Several years back I gave my Mother a book called “The Velveteen Rabbit,” written by Michael Hague.
For those of you who are not familiar with the book, it’s a story about a lonely discarded toy velveteen rabbit, who wants to become a real rabbit.
Then a wise friend explained to him what it is to become real.
Becoming real is the culmination of being loved for a very long time.
To a stuffed toy rabbit proof of becoming real would be the missing bunny tail, the tattered ears, the chewed up bunny nose. To a toy rabbit these would be the signs of being well loved over a long period of time.
After reading the book together, Mother immediately understood the context of why I gave it to her.
She herself, had been well loved through the years, and the proof was in her age, her physical limitations, the many joys she had known, and yes, even her battle scars.
For what is life without our battle scars. It is part of what makes us real.
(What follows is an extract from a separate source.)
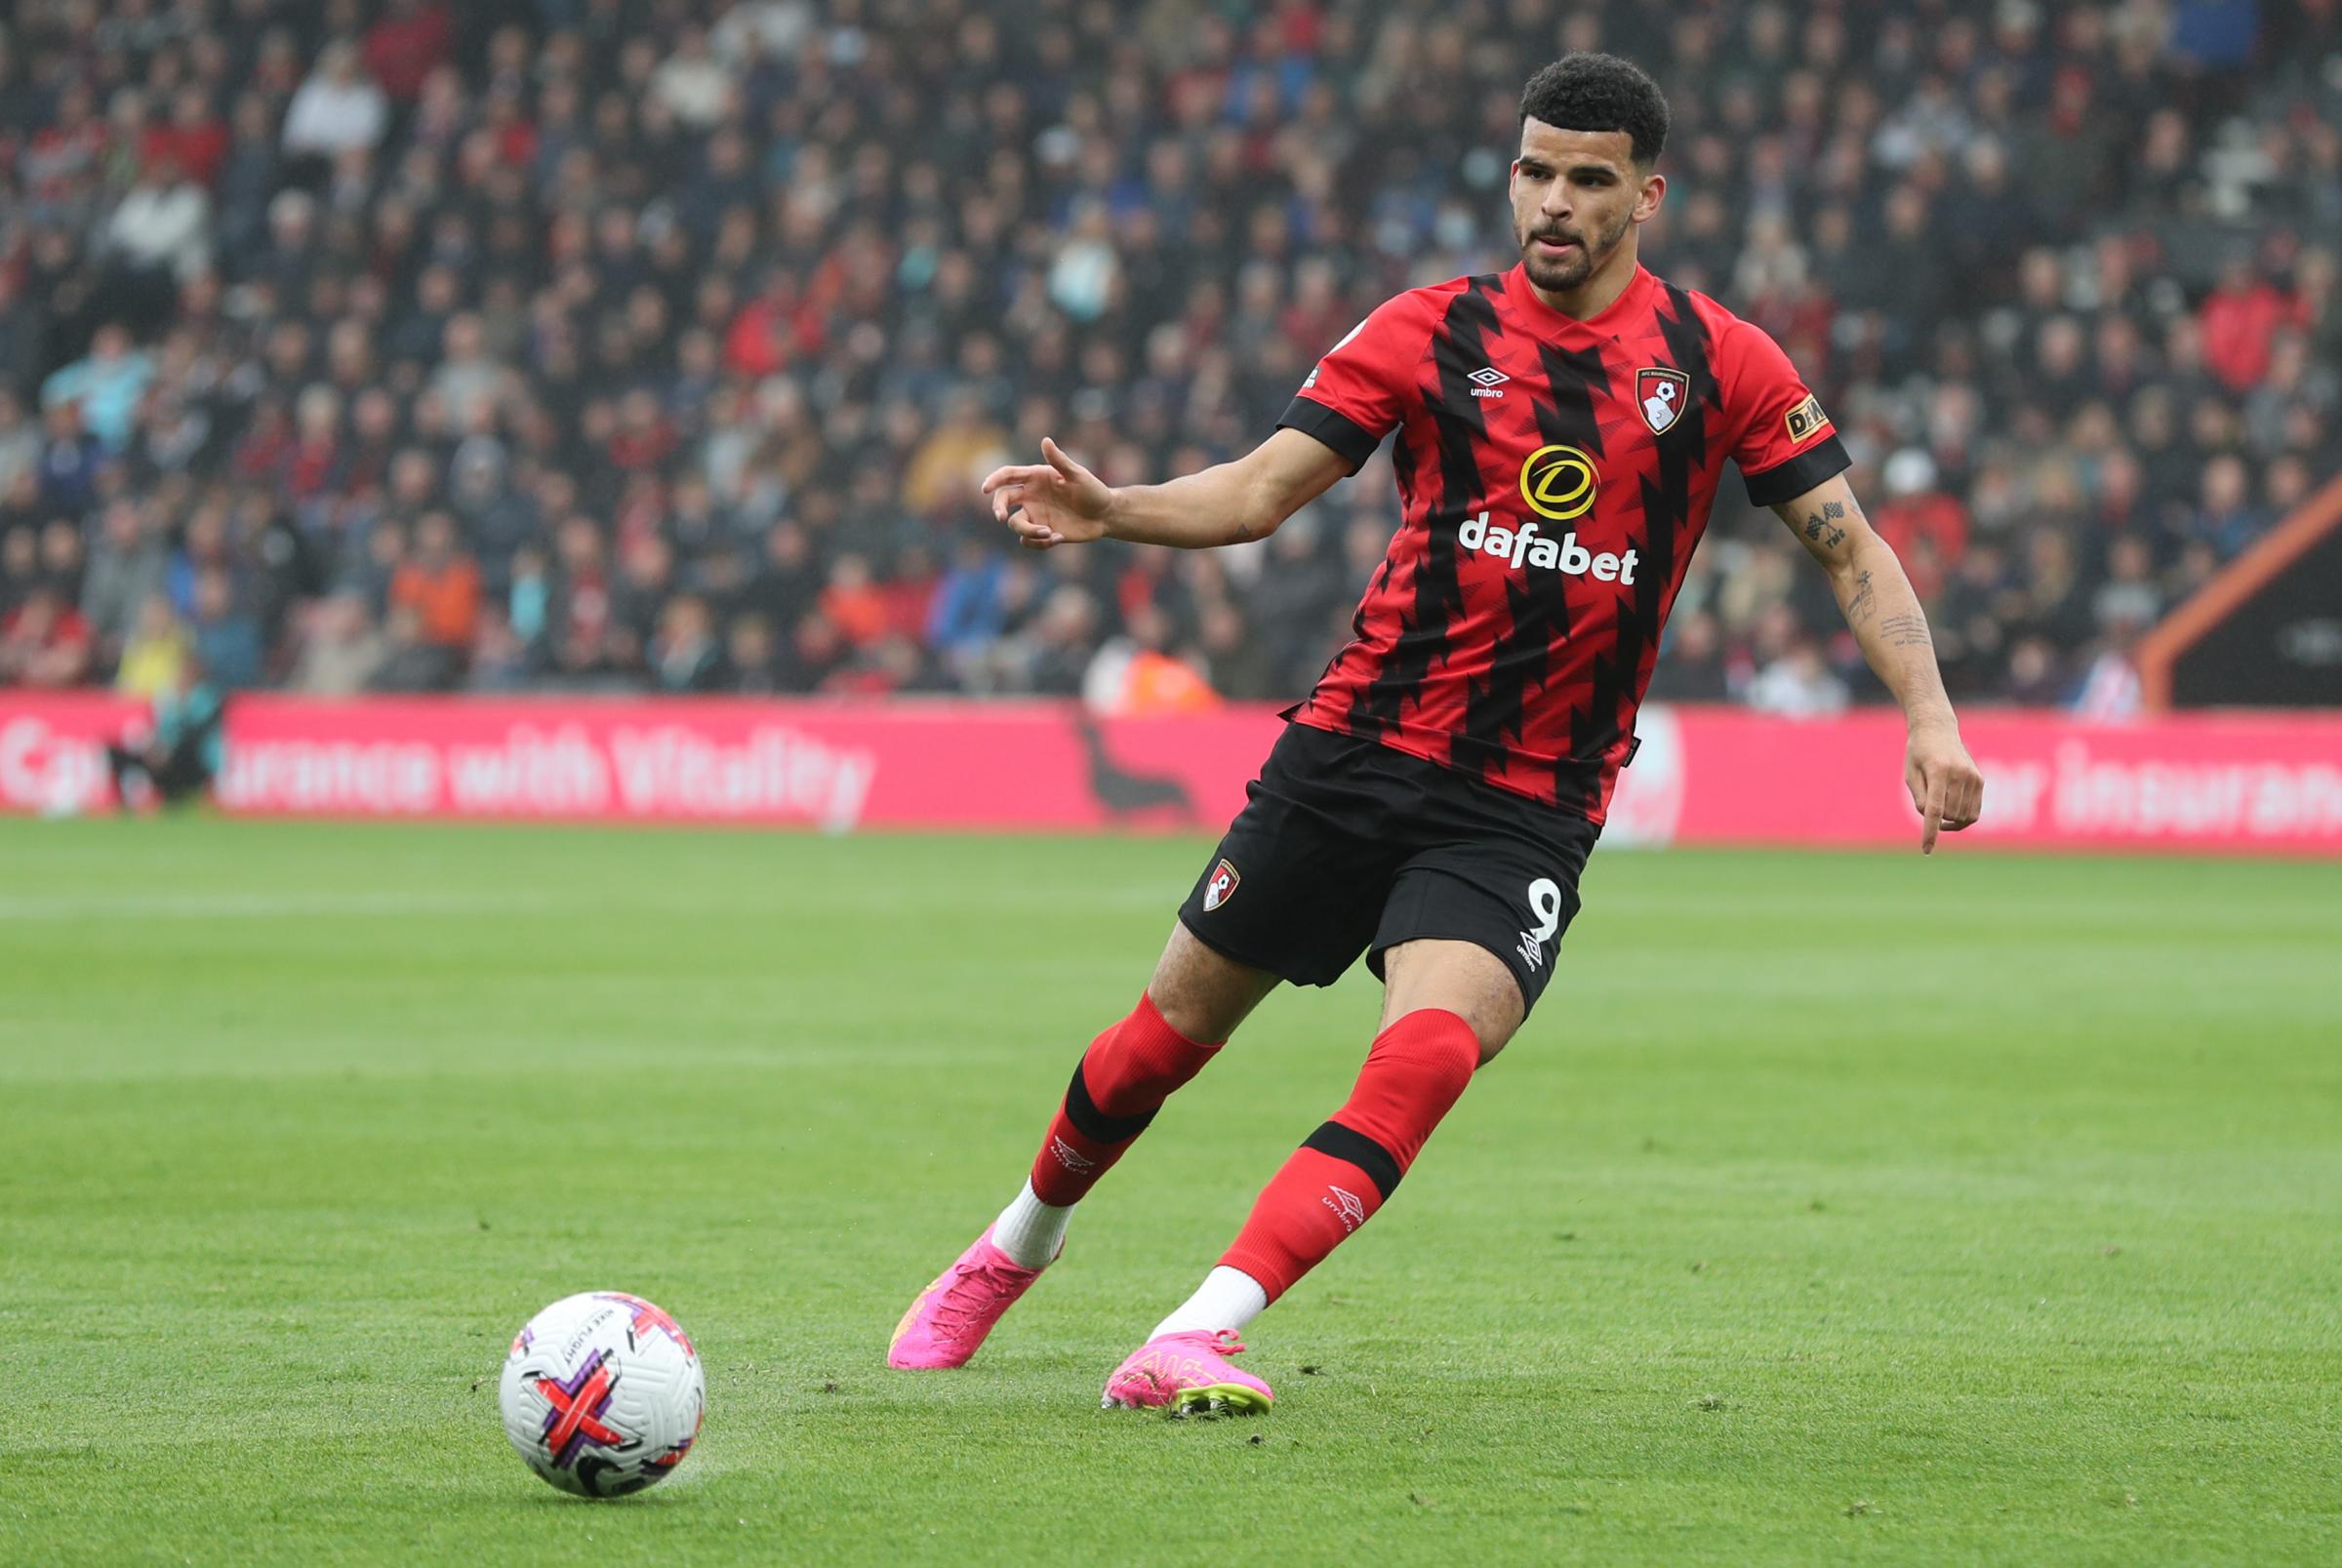 AFC Bournemouth's Dominic Solanke on finding form at right time

About two years ago, a toy rabbit fell under my eye, which I knew was destined to become Mother’s very own personal velveteen rabbit.
After I gave it to her, she placed it next to ‘The Velveteen Rabbit’ book which sat displayed in her living room hutch.
When I visited her she would point to both the book and the rabbit and tell me how much joy they bring her.
And there, the book and the rabbit remained until May 12, 2014 when I brought them both to the Respite House.
As she slept, I placed the rabbit on the pillow next to her.
And opening up the book I read through our favorite passage, the part about how we become real by being loved.
And in her last days she taught me something more…
She taught me that we must not be afraid as we approach the end of a real life…
…. by approaching the end of her own life with both grace and a grateful heart.